My 1990 Buick Century (V-6, 3.3) has been cranking sluggishly lately.
Most recently it got worse: It turns over a couple of times and stops.
It's random -- sometimes it starts, sometimes it doesn't. But even when
it starts, the cranking is slower than it used to be. Suspected the
battery and poor battery-terminal connections at first. Tried 3
different batteries (one brand new), cleaned the terminals -- same
problem. My next suspect is the starter -- terminal connections or the
motor itself. Haven't had much experience with starters -- any piece of
advice before I crawl under the car?
I would take the starter out and then connect it directly to the battery
(battery disconnected from the car) with jumper cables and with your foot
(or a helpers foot) securely on it, make the connections. The motor should
snap when activated and want to come out from under your foot. If it doesn't
have that kind of torque then it's probably bad. While your at it I would
replace the battery cables as well.

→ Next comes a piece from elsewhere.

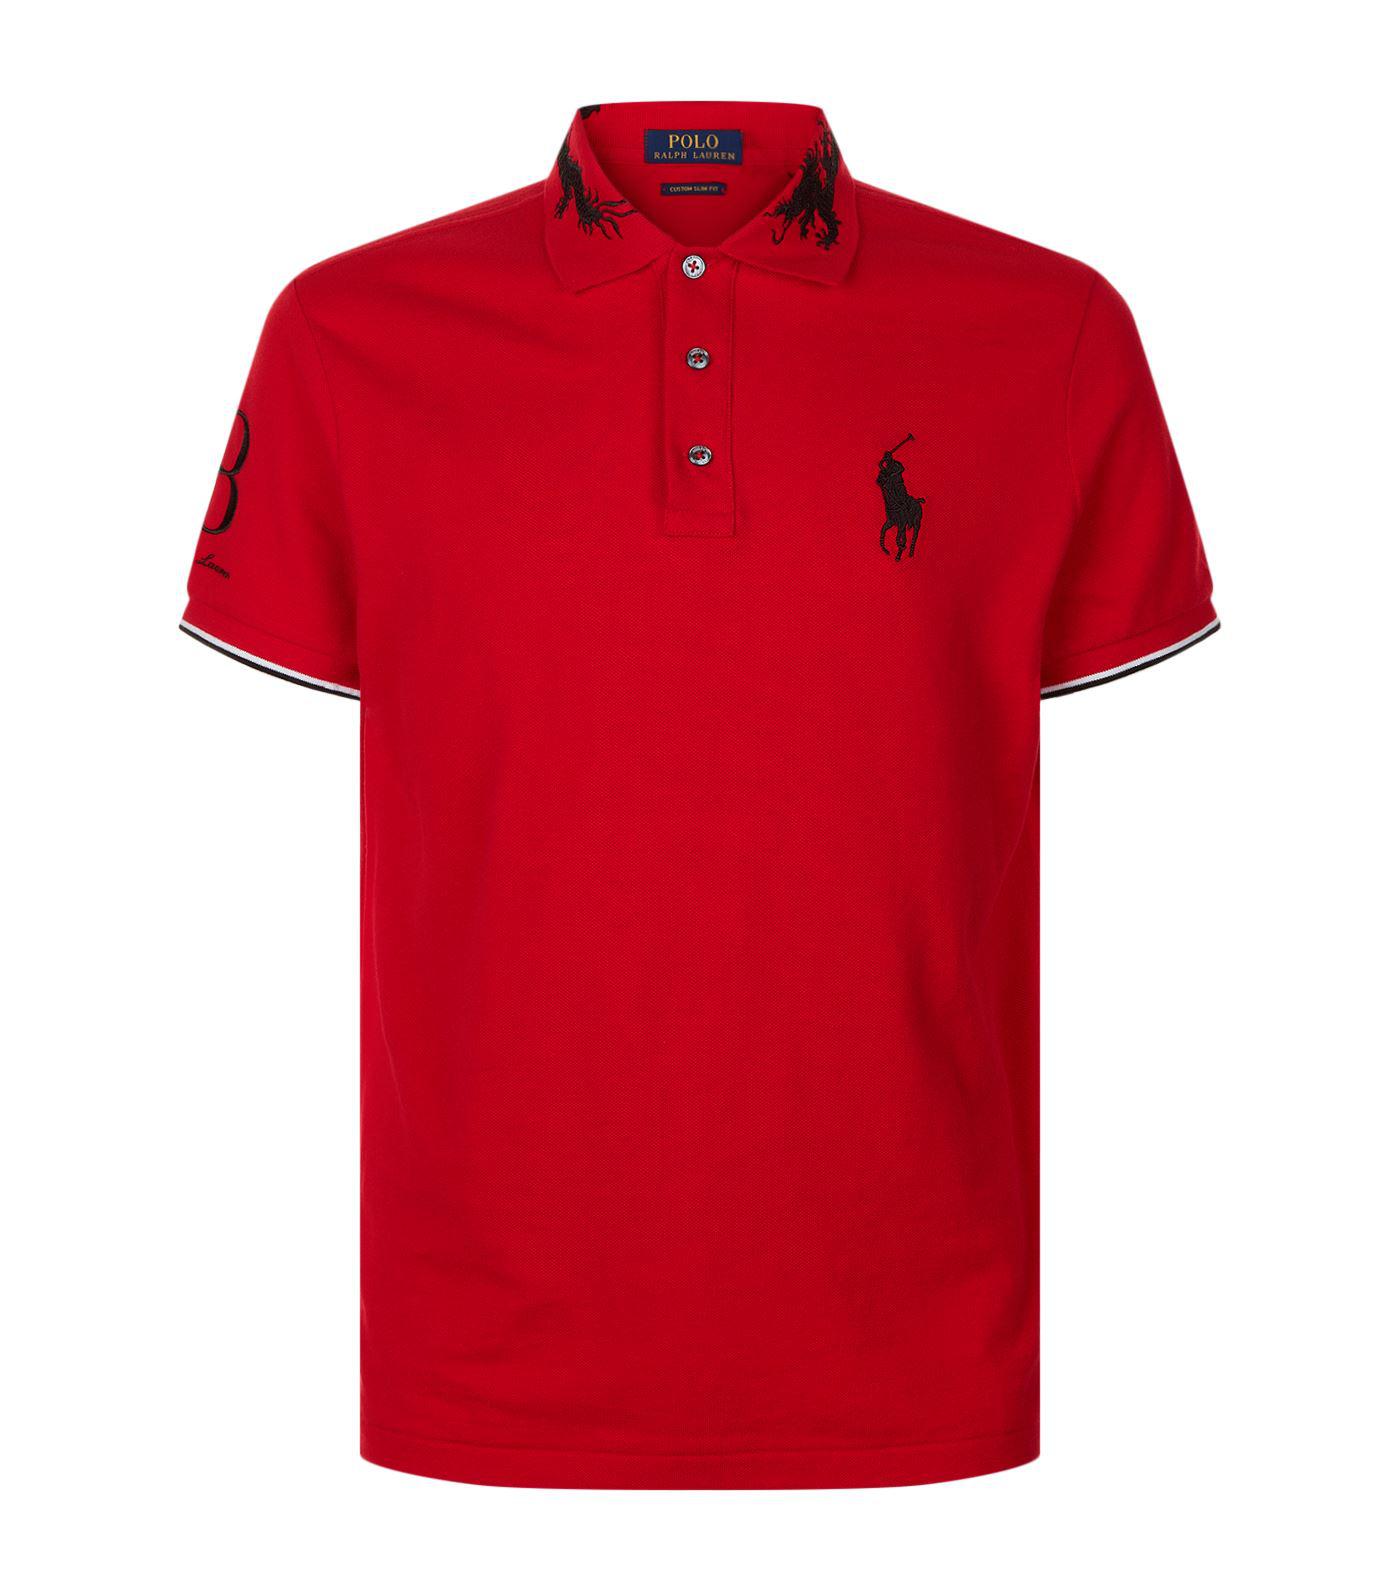 Polo Ralph Lauren Cotton Dragon Embroidered Polo Neck Top for Men - Lyst

Also look for any shims that are between
the starter and the engine block where bolted on. If there are any you'll
want to reuse them.
I've noticed Chevys, in particular, have very skimpy grounds.
To get maximum current to starter, make sure ground cable goes
directly to block, not to some painted bracket. Add a jumper cable from
frame rail to block. A Ford starter cable has lugs on both ends, and is
my recommendation for a no bull ground.